== Data extract ==

== Segment start ==

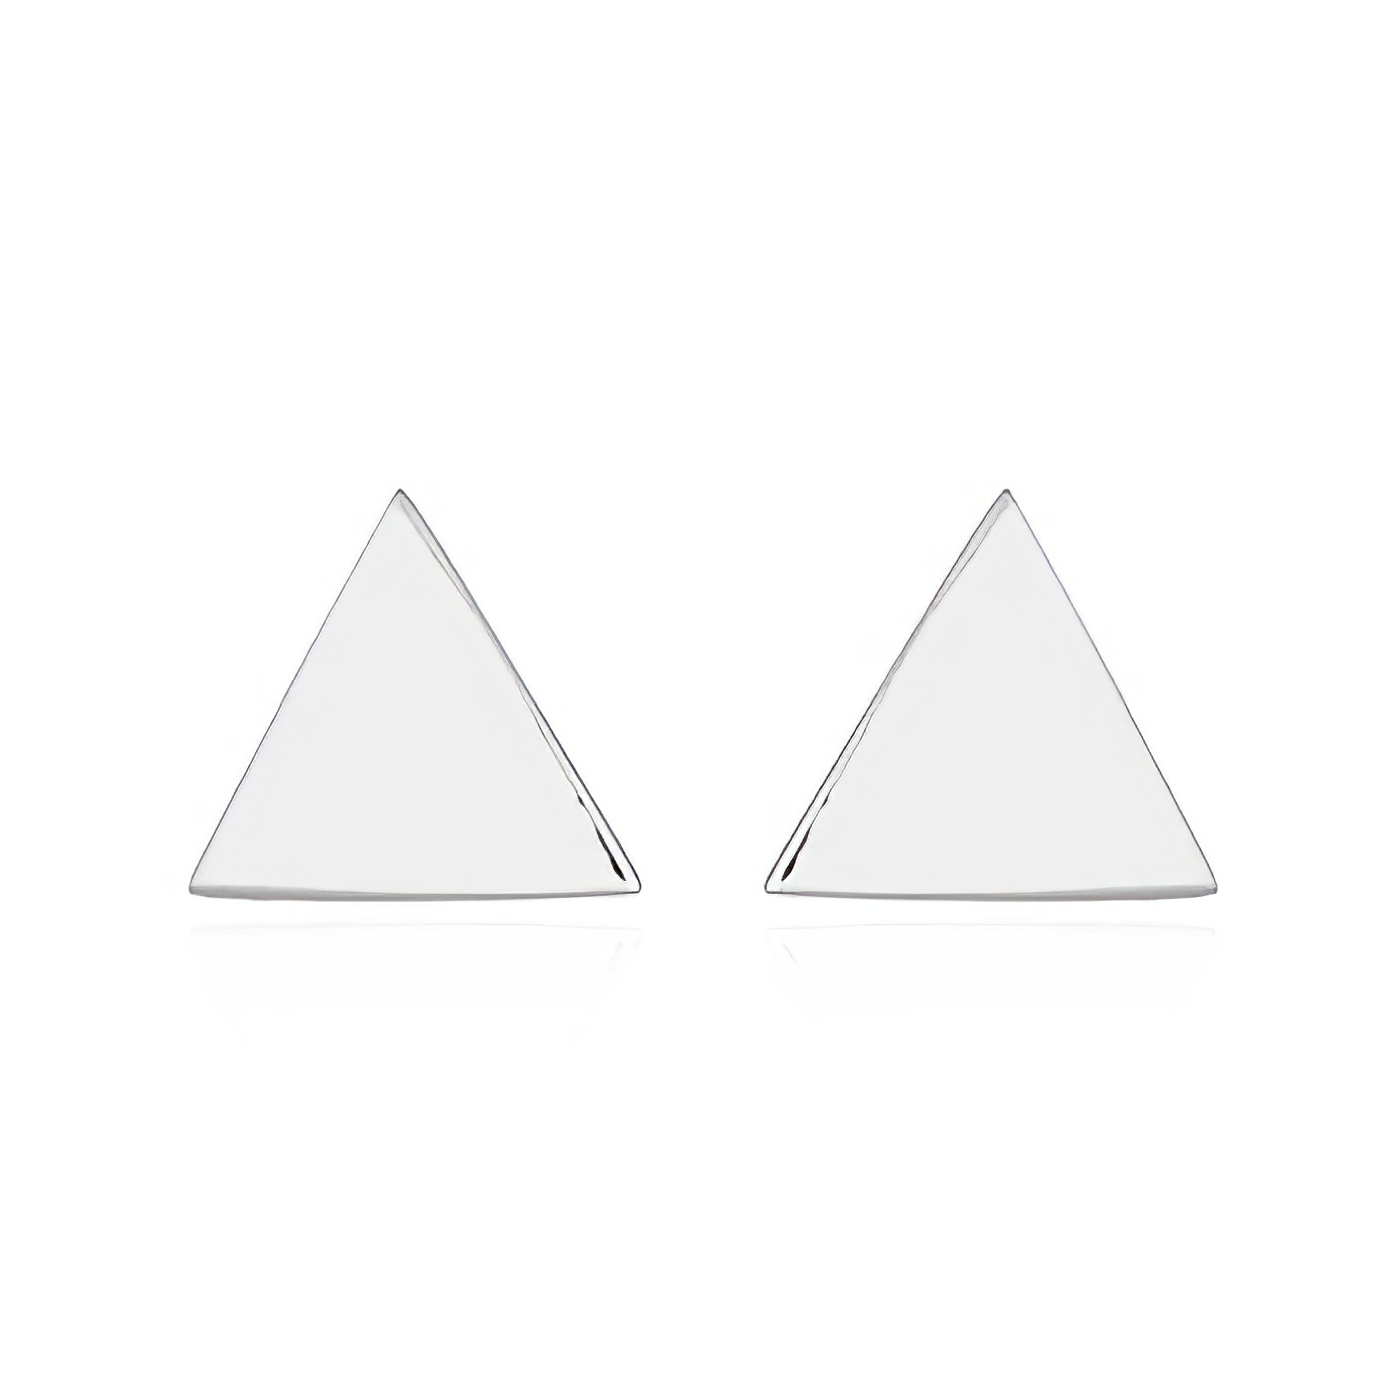 Little Plain Triangle Silver Stud Earrings by BeYindi 
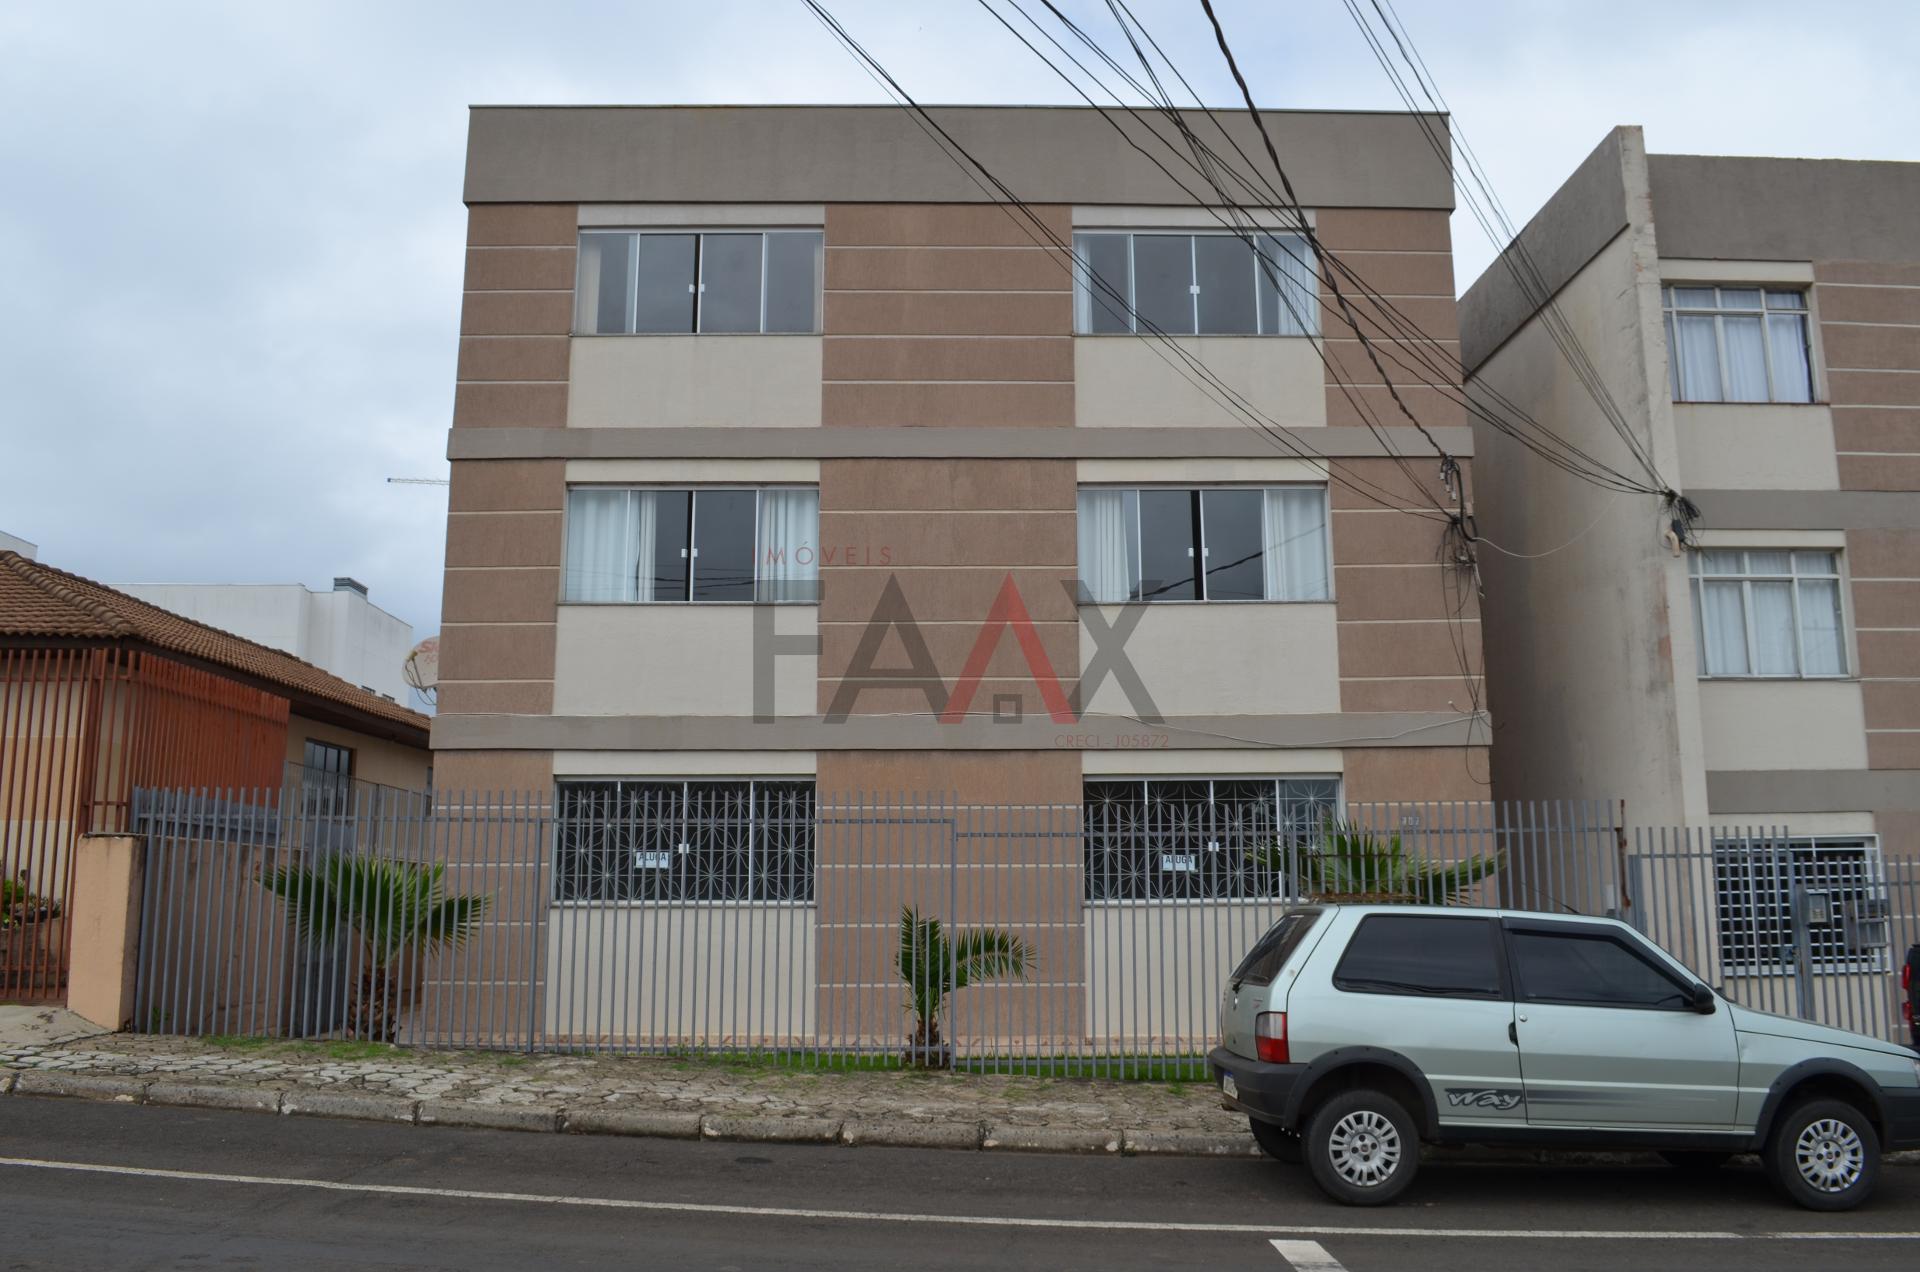 Apartamento com 3 dormitórios para locação, CENTRO, GUARAPUAVA - PR
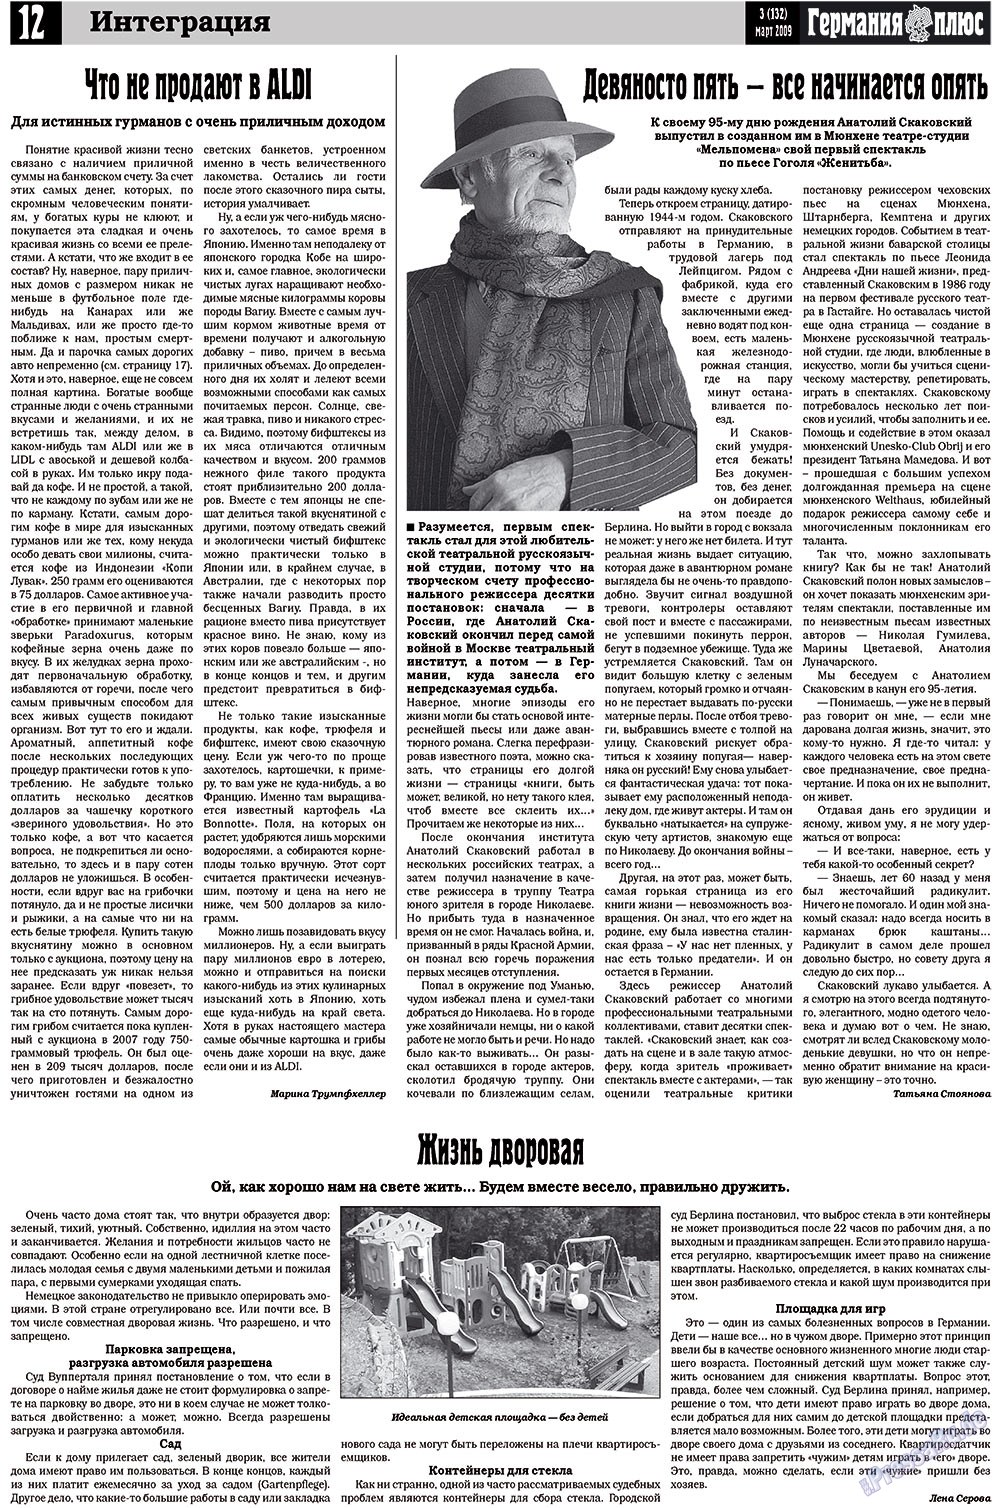 Германия плюс, газета. 2009 №3 стр.16
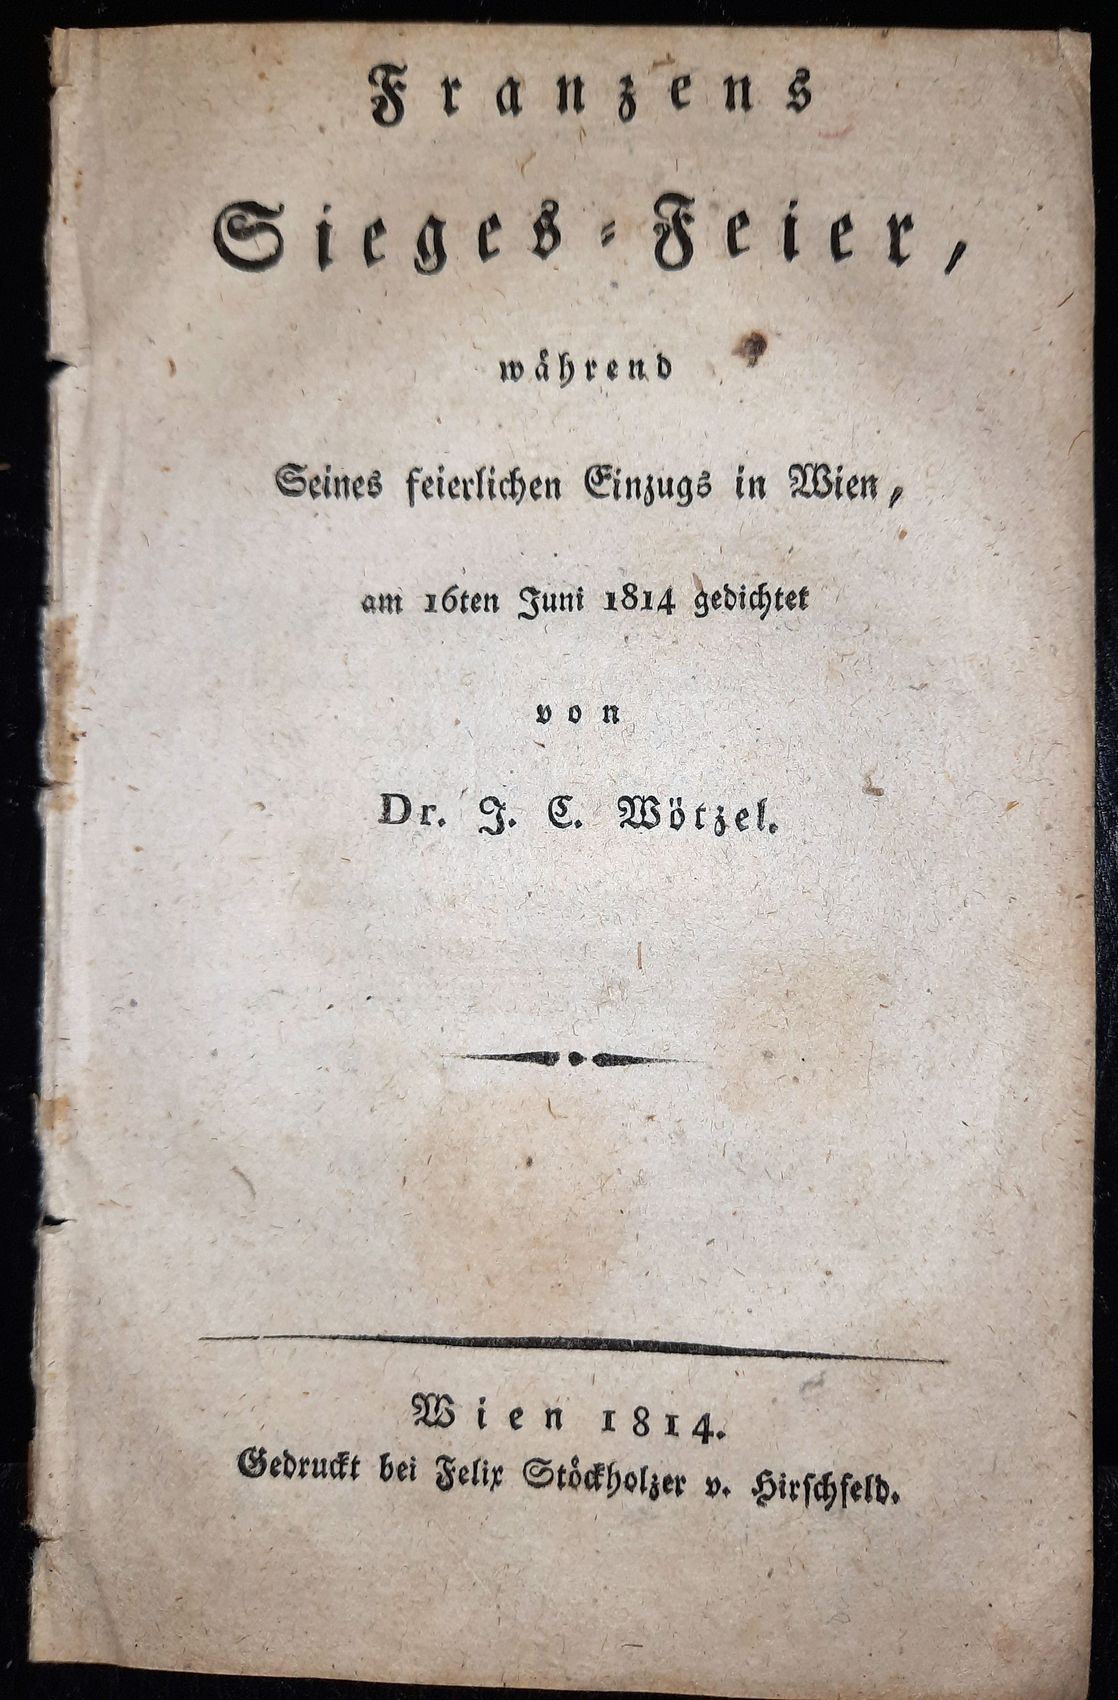 WTZEL, J. C.: - Franzens Sieges-Feier, whrend Seines feierlichen Einzugs in Wien, am 16ten Juni 1814 gedichtet..

== Segment end ==

Down to the final line, restate the material above word for word, but omit its pictures.

== Exercise result ==
 Little Plain Triangle Silver Stud Earrings by BeYindi 
 Apartamento com 3 dormitórios para locação, CENTRO, GUARAPUAVA - PR
 Германия плюс, газета. 2009 №3 стр.16
 WTZEL, J. C.: - Franzens Sieges-Feier, whrend Seines feierlichen Einzugs in Wien, am 16ten Juni 1814 gedichtet..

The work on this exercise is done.